This was a multicenter, randomized, clinical trial to compare the 90-day 1) incidence of surgical site complications (SSC); 2) health care utilization (the number of dressing changes, readmission, and reoperation); and 3) the patient-reported outcomes (PRO) in high-risk patients undergoing revision total knee arthroplasty (rTKA) with postoperative closed incision negative pressure wound therapy (ciNPT) versus a standard of care (SOC) silver-impregnated occlusive dressing.
A total of 294 rTKA patients (15 centers) at high-risk for wound complications were prospectively randomized to receive either SOC or ciNPT (n = 147 each). The ciNPT system was adjusted at 125 mmHg of suction. Investigated outcomes were assessed weekly up to 90 days after surgery.

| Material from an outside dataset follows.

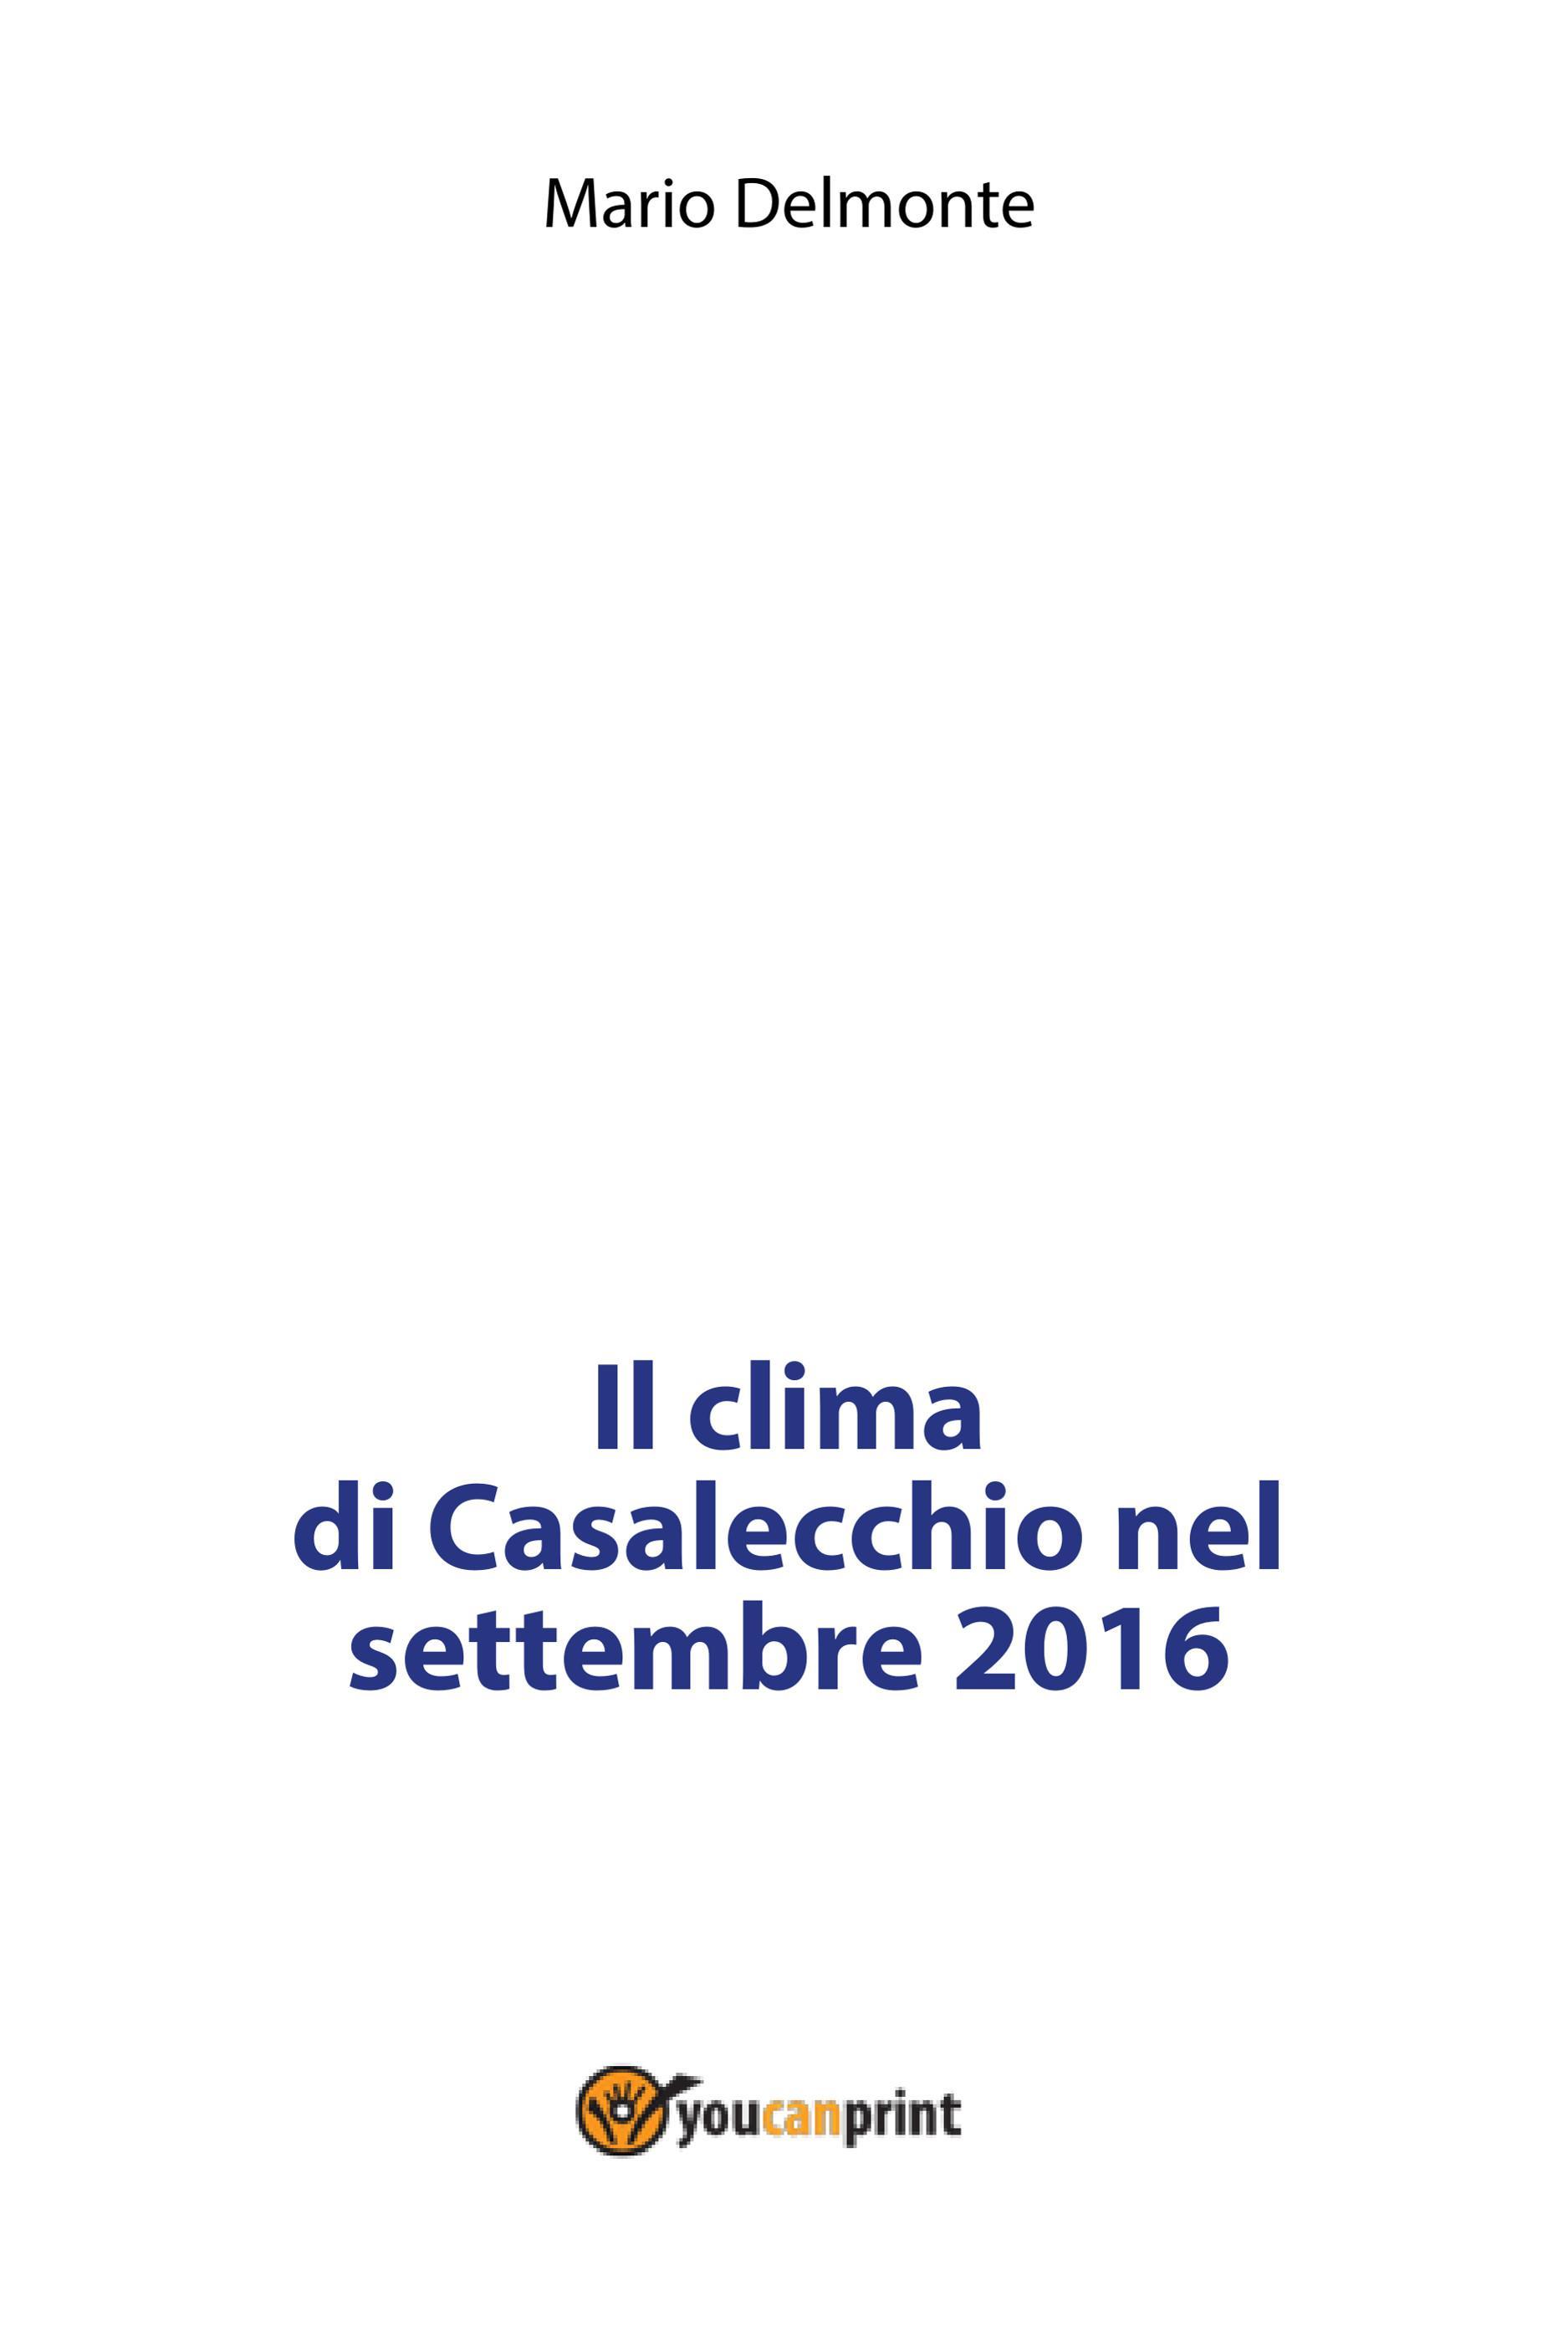 Il clima di Casalecchio nel settembre 2016

A preset interim analysis was conducted at 50% of the intended sample size, with planned discontinuation for clear efficacy/harm if a significance of p < 0.005 was attained.
A total of 242 patients completed the required follow-up (ciNPT: n = 124 (84.4%); SOC: n = 118 (80.3%)). Demographics, baseline comorbidities, causes of revision (prosthetic joint infection, aseptic loosening, implant-related, and periprosthetic fractures), and duration of treatment were similar in both cohorts (p > 0.05). Intention to treat analysis demonstrated lower rates of SSC with ciNPT (3.4%) compared to SOC (14.3%) (p = 0.0013) (Table 1 – not included in the proceeding). Similar outcomes were obtained with the modified intention to treat analysis (p = 0.0013). The ciNPT cohort exhibited lower readmission rates (p = 0.0208), and number of dressing changes (p = 0.0003). Conversely, differences in the 90-day incidence of SSI and measured patient-reported outcomes did not reach statistical significance (p > 0.05).
ciNPT mitigates the risk of SSC and readmission among high-risk rTKA patients. The lower frequency of dressing changes within the ciNPT cohort may provide added value for healthcare utilization without compromising pain and function.